[PATCH 02/24] workqueue: defer work to a draining queue

Dan Williams <dan.j.williams@xxxxxxxxx> · Fri, 16 Dec 2011 18:33:18 -0800

commit 9c5a2ba7 "workqueue: separate out drain_workqueue() from
destroy_workqueue()" provided drain_workqueue() for users like libsas to
use for flushing events.

When libsas drains it wants currently queued and chained events to be
flushed, but it fully expects to continue issuing unchained events with
the expectation that they are serviced sometime after the drain.

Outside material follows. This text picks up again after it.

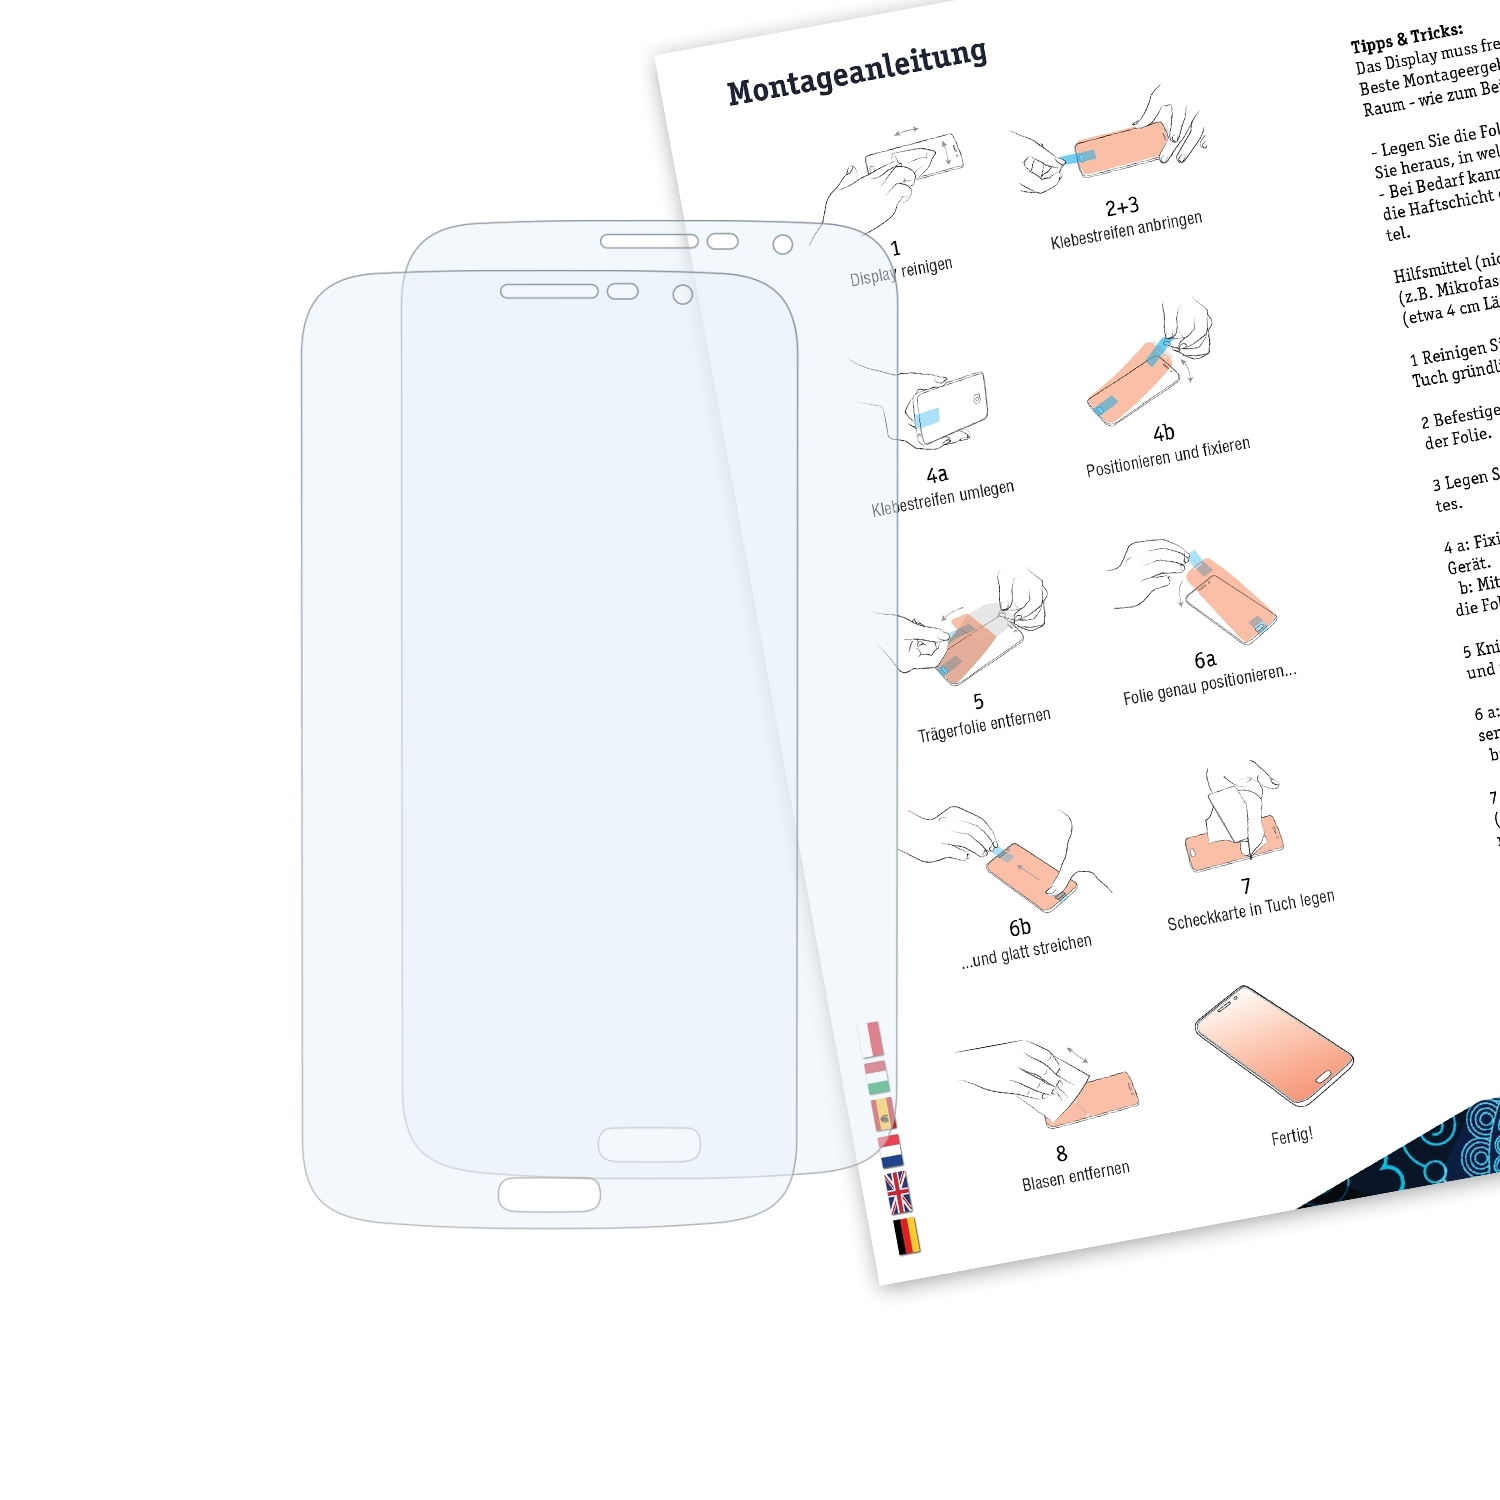 Galaxy 2x Mega (GT-i9205)) BRUNI Basics-Clear 6.3 Schutzfolie(für Samsung

For external users of drain_workqueue() arrange for unchained work to be
queued after the drain completes, if the caller cares if unchained work
was queued as a result of the drain it can check for a non-zero return
value.  Deferred work is guaranteed to be at least queued when
drain_workqueue() returns, and visible to flush_workqueue() users as
well.

Unfortunately this causes the promotion of workqueue_lock to hard-irq
safe and does not guarantee that work submitted via queue_work_on() runs
on the specified cpu if it gets deferred.

Cc: Tejun Heo <tj@xxxxxxxxxx>
Signed-off-by: Dan Williams <dan.j.williams@xxxxxxxxx>
---
 include/linux/workqueue.h |    3 +
 kernel/workqueue.c        |   97 ++++++++++++++++++++++++++++++++++++---------
 2 files changed, 79 insertions(+), 21 deletions(-)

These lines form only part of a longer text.